Data supplied: Begin

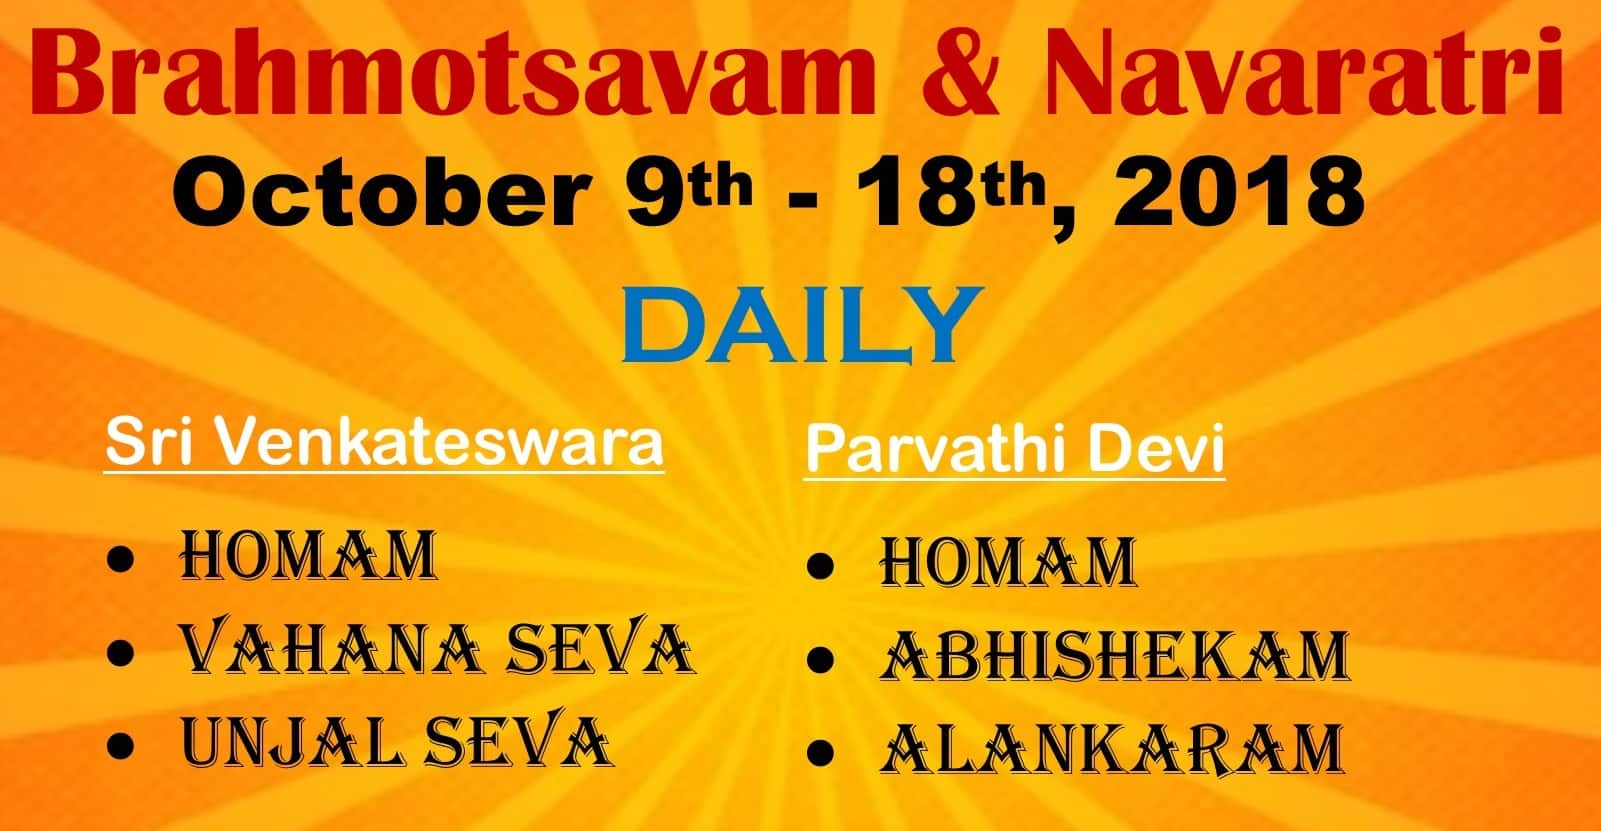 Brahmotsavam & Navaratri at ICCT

Data supplied: End
Data supplied: Begin

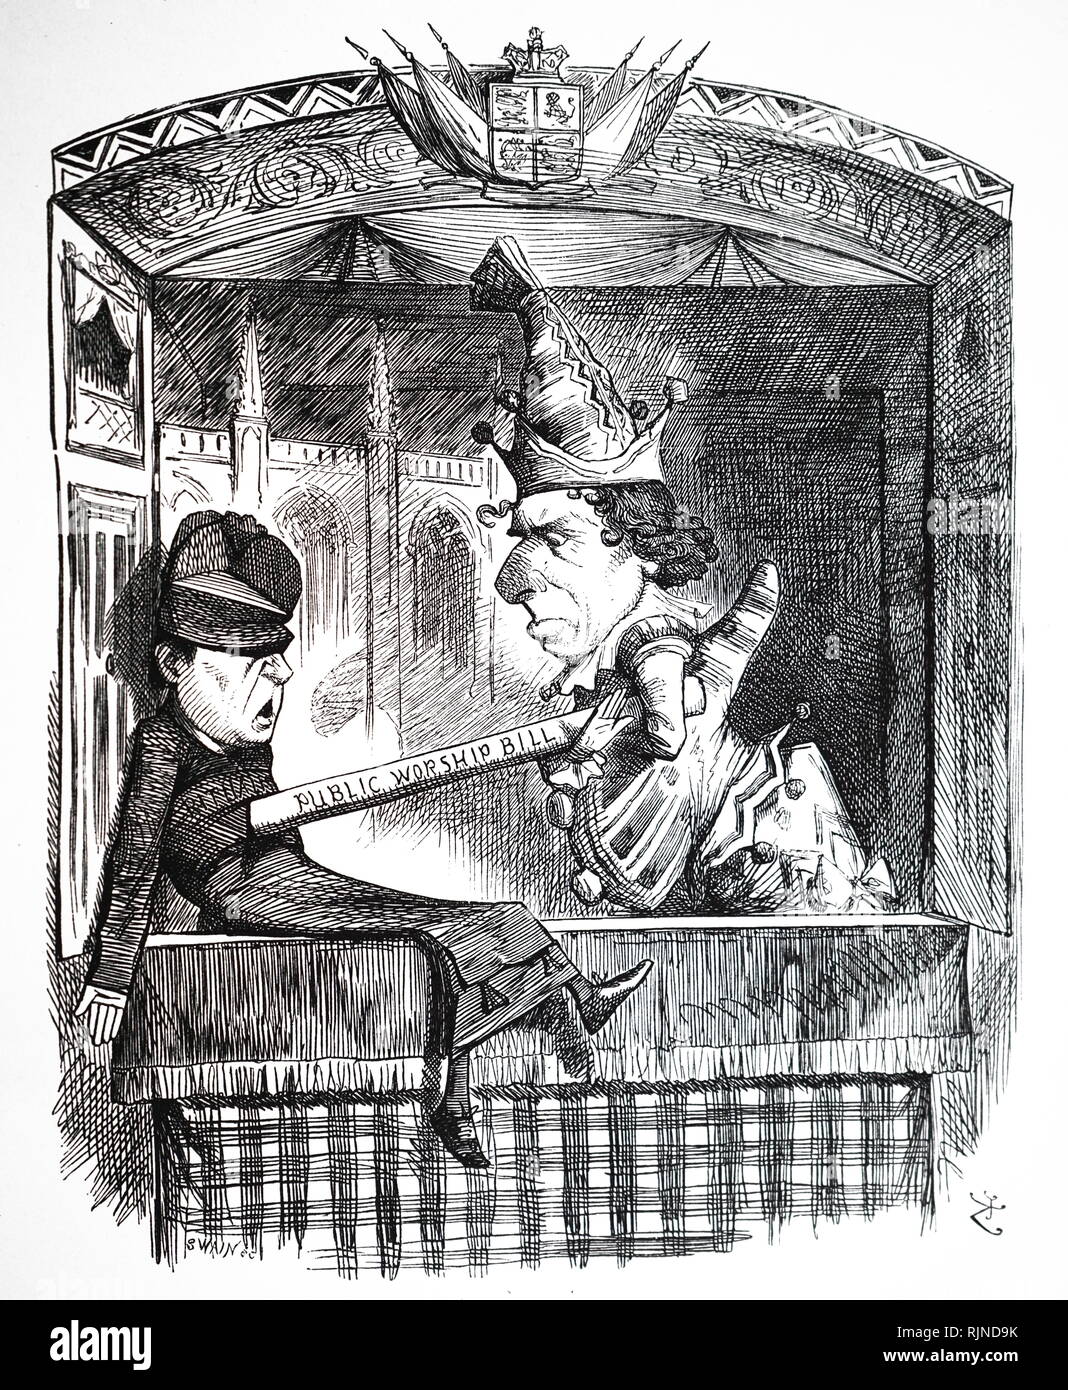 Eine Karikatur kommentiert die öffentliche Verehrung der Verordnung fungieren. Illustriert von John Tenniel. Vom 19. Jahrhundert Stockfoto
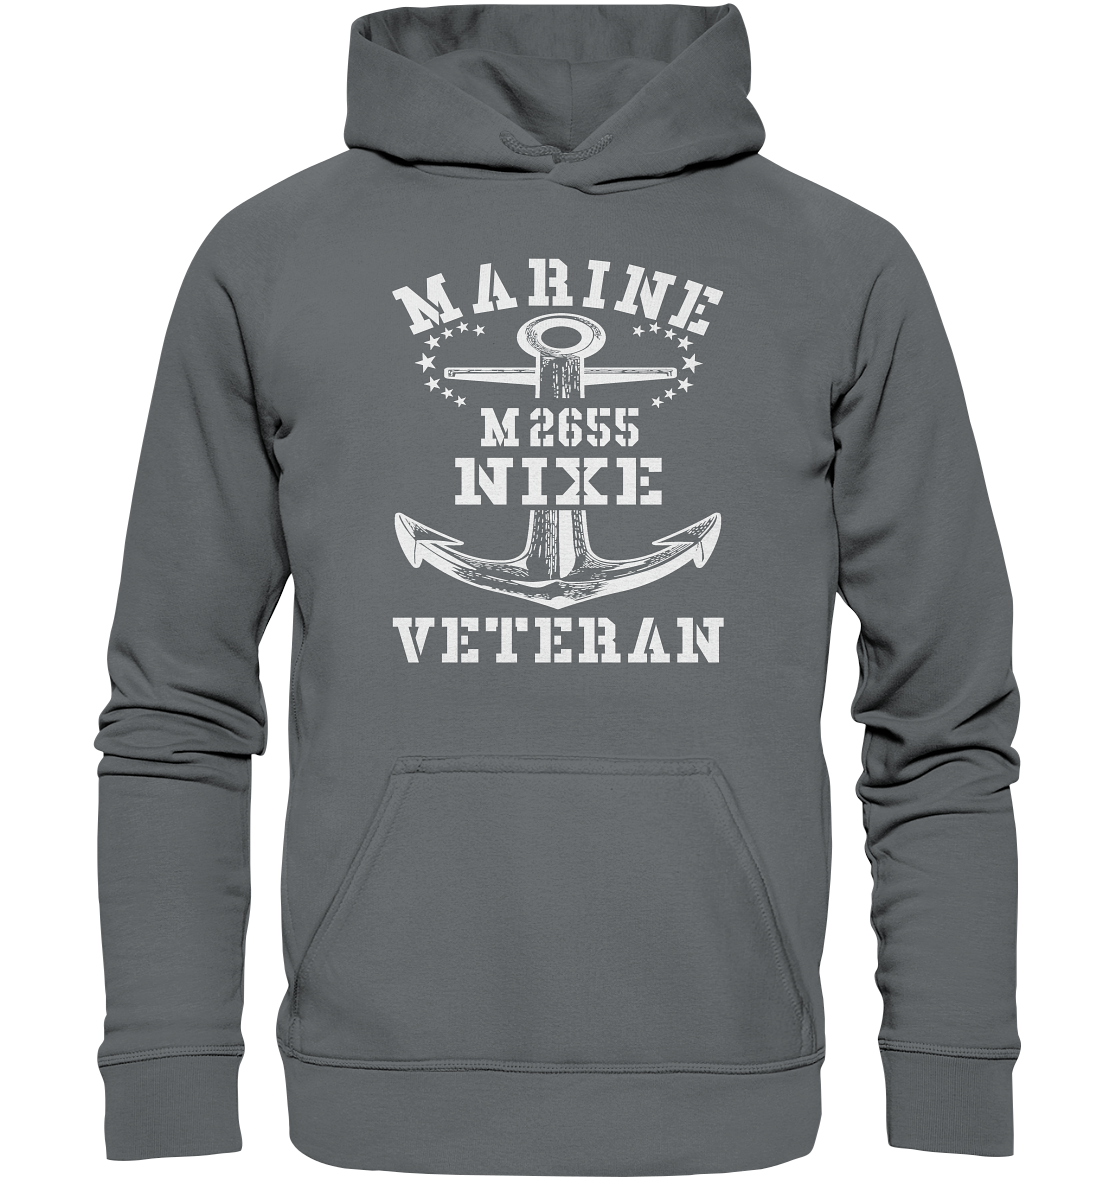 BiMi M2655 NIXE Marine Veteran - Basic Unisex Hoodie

Data supplied: End

What belongs in the answer is each line above from the line with "Eine Karikatur kommentiert" to the line with "BiMi M2655 NIXE", inclusive, reproduced exactly and free of pictures.

Output:
 Eine Karikatur kommentiert die öffentliche Verehrung der Verordnung fungieren. Illustriert von John Tenniel. Vom 19. Jahrhundert Stockfoto
 BiMi M2655 NIXE Marine Veteran - Basic Unisex Hoodie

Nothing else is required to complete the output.